Immunohistochemistry (IHC) was performed according to the manufacturer’s constructions. After the samples were deparaffinized with xylene and rehydrated with ethanol, the samples were incubated with 3% H2O2 for 5 min to block endogenous peroxidase activity. Then, antigen retrieval was performed by incubating the samples with sodium citrate buffer (pH 6.0) for 20 min at 95 °C, after which the samples were blocked with 5% normal goat serum for 10 min at 20 °C. Subsequently, the sections were incubated with polyclonal antibodies against Ki67(1:500, Servicebio, Wuhan, China) at 4 °C overnight and then incubated with secondary antibodies(1:200, Servicebio, Wuhan, China). The image were captured by Olympus FSX100 microscope (Olympus,Japan).

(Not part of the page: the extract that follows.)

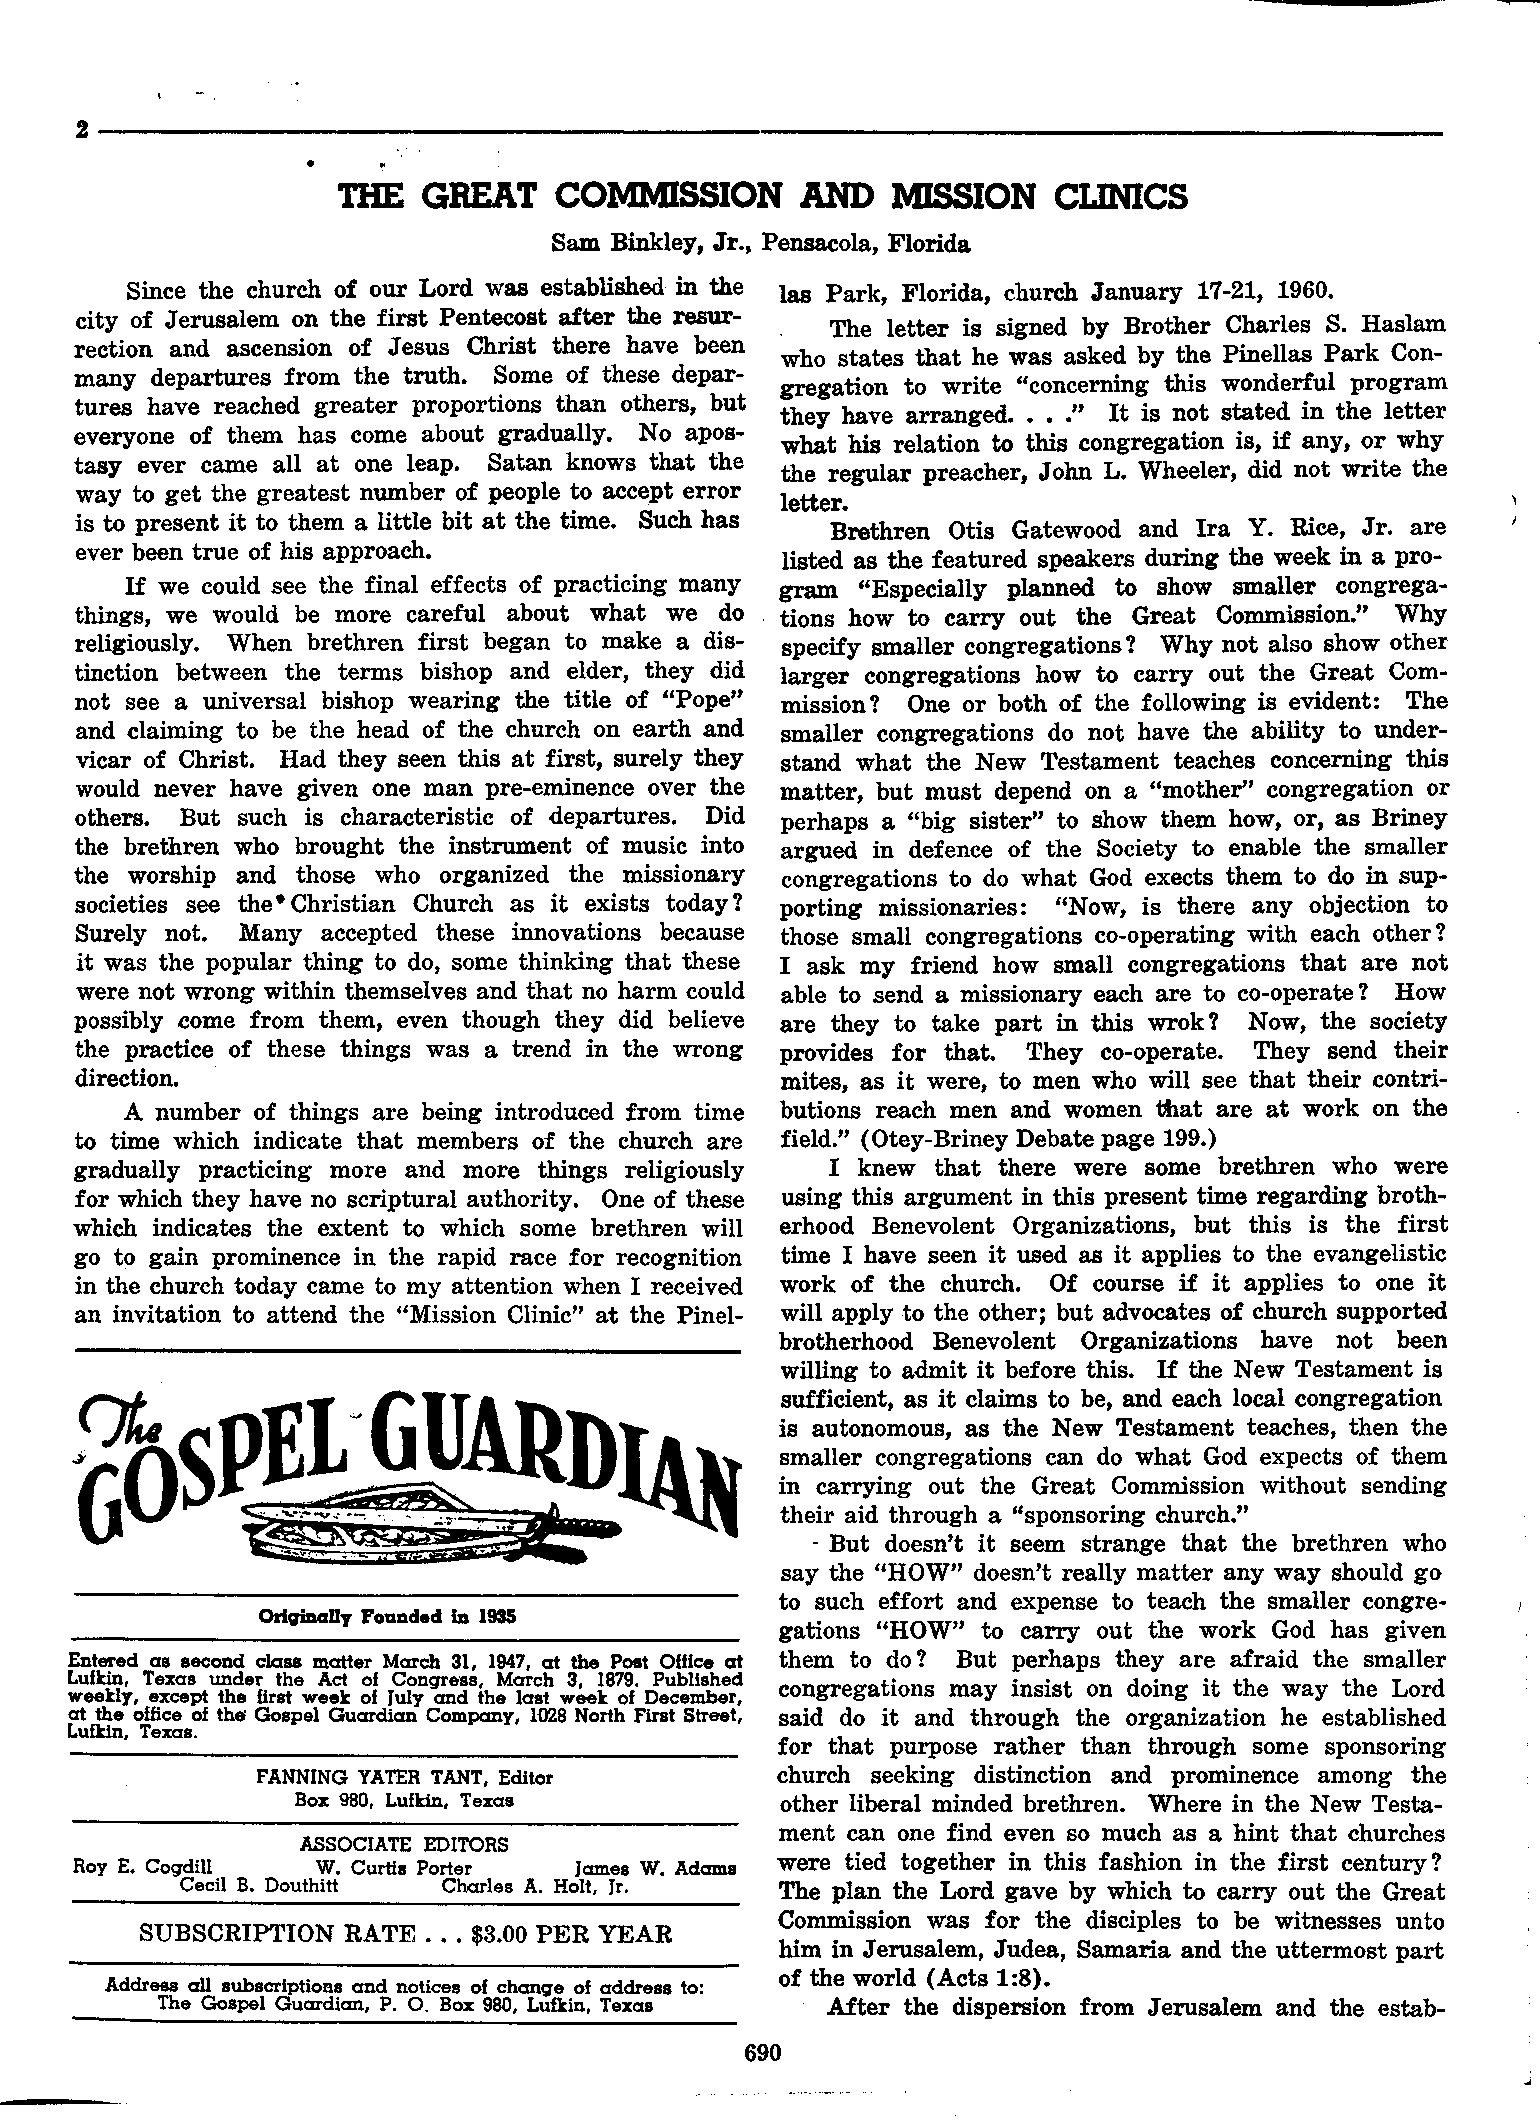 Gospel Guardian Original: Vol.11 No.44 Pg.2

All date were expressed as mean ± SD. Statistical analyses were performed using Prism software (GraphPad Software 8), and consisted of analysis of variance followed by Student’s t-test when comparing two experimental groups. One-way ANOVA analysis was used to compare the differences among groups. Overall survival (OS) rates were determined using the Kaplan-Meier method. All experiments were triplicated, and p < 0.05 was considered significant.